- The proposed Thor Cogeneration Power Station
- Country: England
- Location: County Durham, North East England
- Coordinates: 54°36′11″N 1°12′10″W﻿ / ﻿54.603145°N 1.202748°W
- Status: Undeveloped
- Commission date: 2012 (planned)
- Operator: PX Limited

Thermal power station
- Primary fuel: Natural gas
- Cogeneration?: Yes

Power generation
- Nameplate capacity: 1,020 MW

= Thor Cogeneration Power Station =

Thor Cogeneration is a planned, but undeveloped, gas-fired cogeneration plant, which was to be built on Seal Sands near Billingham, in County Durham, North East England.

==Development==
On 19 January 2007, newly established business venture Thor Cogeneration, a subsidiary of Teesside-based PX Group, announced plans for a new power station on Teesside. The station is proposed as a 1,020 megawatt (MW) combined heat and power combined cycle gas turbine plant. Stockton Borough Council gave their approval for the station in April 2007. The station's licence for the generation of electricity was also granted later in 2007. On 28 August 2008, government approval for the station to be built was granted by Energy minister Malcolm Wicks. Construction was expected to begin in 2009, with operations predicted for early in 2012.
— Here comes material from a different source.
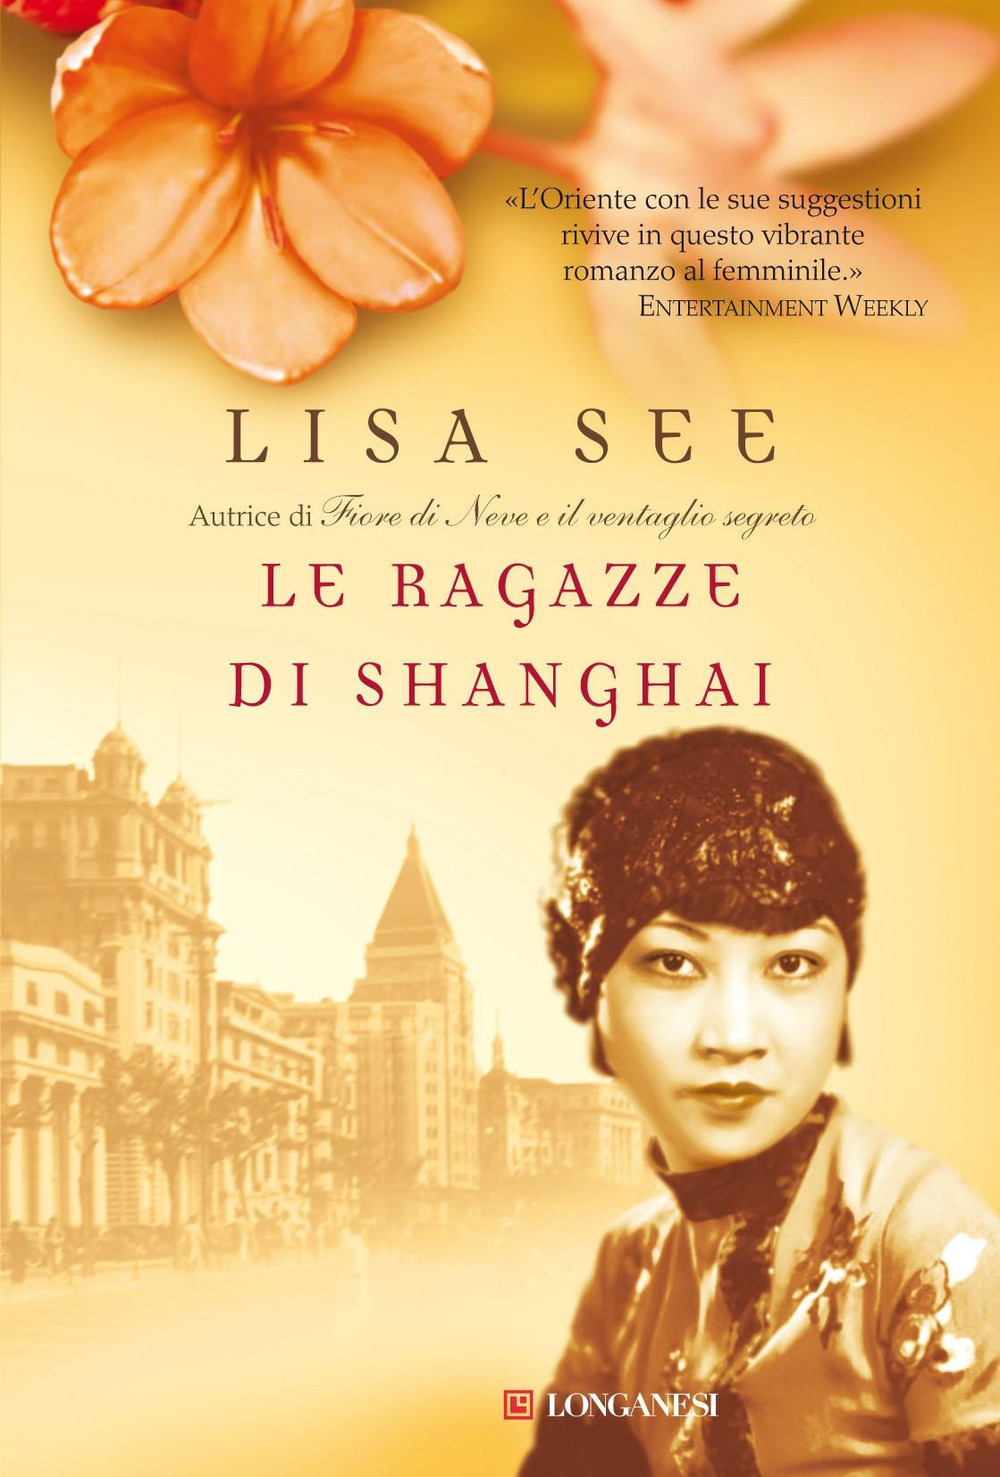 Libri Lisa See - Le Ragazze Di Shanghai NUOVO SIGILLATO, EDIZIONE DEL 01/10/2009 SUBITO DISPONIBILE

The development did not progress beyond the design stage.

Thor Cogeneration Limited held an Electricity Generation licence under the Electricity Act 1989. In May 2013 Thor Cogeneration Limited applied to Ofgem to have the Licence revoked. The Licence was revoked with effect from 22 September 2013.

==Proposed specification==
The station would use two gas-fired generators, with excess heat being used to make steam to drive a further generator. Electricity generated would be distributed to the National Grid. As well as generating electricity, the station would provide heat to the nearby, SABIC operated North Tees Works oil refinery, in the form of steam. Natural gas, the station's fuel, would be supplied to the station by a pipeline, with a short connection to an existing pipeline to the north. The station will require 20% less gas per MW generated than current operating gas-fired stations.

The station was expected to be able to achieve a 58% efficiency rating by using the latest gas turbine technology. It will create 60% less carbon emissions than current coal-fired power stations. It would be cooled by using an air cooled condenser, avoiding the need to extract from or discharge water into the nearby River Tees. 1,000 people would be employed during the construction and 60 would have been employed when the station is operational.